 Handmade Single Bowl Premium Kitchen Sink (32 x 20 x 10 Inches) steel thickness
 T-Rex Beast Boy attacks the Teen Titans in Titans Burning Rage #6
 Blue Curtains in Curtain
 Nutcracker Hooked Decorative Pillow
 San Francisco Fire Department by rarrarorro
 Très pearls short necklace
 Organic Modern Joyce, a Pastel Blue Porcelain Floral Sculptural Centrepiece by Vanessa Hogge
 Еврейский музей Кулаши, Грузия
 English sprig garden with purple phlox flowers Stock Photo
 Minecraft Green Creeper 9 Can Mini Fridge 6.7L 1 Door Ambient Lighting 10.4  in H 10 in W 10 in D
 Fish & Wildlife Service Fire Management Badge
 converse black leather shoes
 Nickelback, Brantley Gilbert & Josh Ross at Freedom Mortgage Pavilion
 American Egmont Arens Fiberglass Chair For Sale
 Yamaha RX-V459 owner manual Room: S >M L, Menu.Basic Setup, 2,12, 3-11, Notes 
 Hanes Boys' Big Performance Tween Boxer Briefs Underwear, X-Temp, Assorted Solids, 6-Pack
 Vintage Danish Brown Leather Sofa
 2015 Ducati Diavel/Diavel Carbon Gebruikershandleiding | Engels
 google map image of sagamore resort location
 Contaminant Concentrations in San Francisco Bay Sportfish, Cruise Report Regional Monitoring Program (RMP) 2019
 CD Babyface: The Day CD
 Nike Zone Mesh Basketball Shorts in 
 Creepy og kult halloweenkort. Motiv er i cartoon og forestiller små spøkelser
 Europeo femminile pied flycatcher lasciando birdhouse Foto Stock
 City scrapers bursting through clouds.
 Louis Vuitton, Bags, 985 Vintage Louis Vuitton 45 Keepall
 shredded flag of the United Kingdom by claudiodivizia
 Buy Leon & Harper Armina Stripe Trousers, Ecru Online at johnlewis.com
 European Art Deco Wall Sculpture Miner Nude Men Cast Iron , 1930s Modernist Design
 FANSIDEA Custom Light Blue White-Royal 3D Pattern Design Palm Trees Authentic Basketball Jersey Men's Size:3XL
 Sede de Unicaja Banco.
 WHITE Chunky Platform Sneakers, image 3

^^^^^^^^^^^^^^^^

THE PROBLEM
Check each line of the listing for "Blue". Show those that have it.

ANSWER
 Blue Curtains in Curtain
 Organic Modern Joyce, a Pastel Blue Porcelain Floral Sculptural Centrepiece by Vanessa Hogge
 FANSIDEA Custom Light Blue White-Royal 3D Pattern Design Palm Trees Authentic Basketball Jersey Men's Size:3XL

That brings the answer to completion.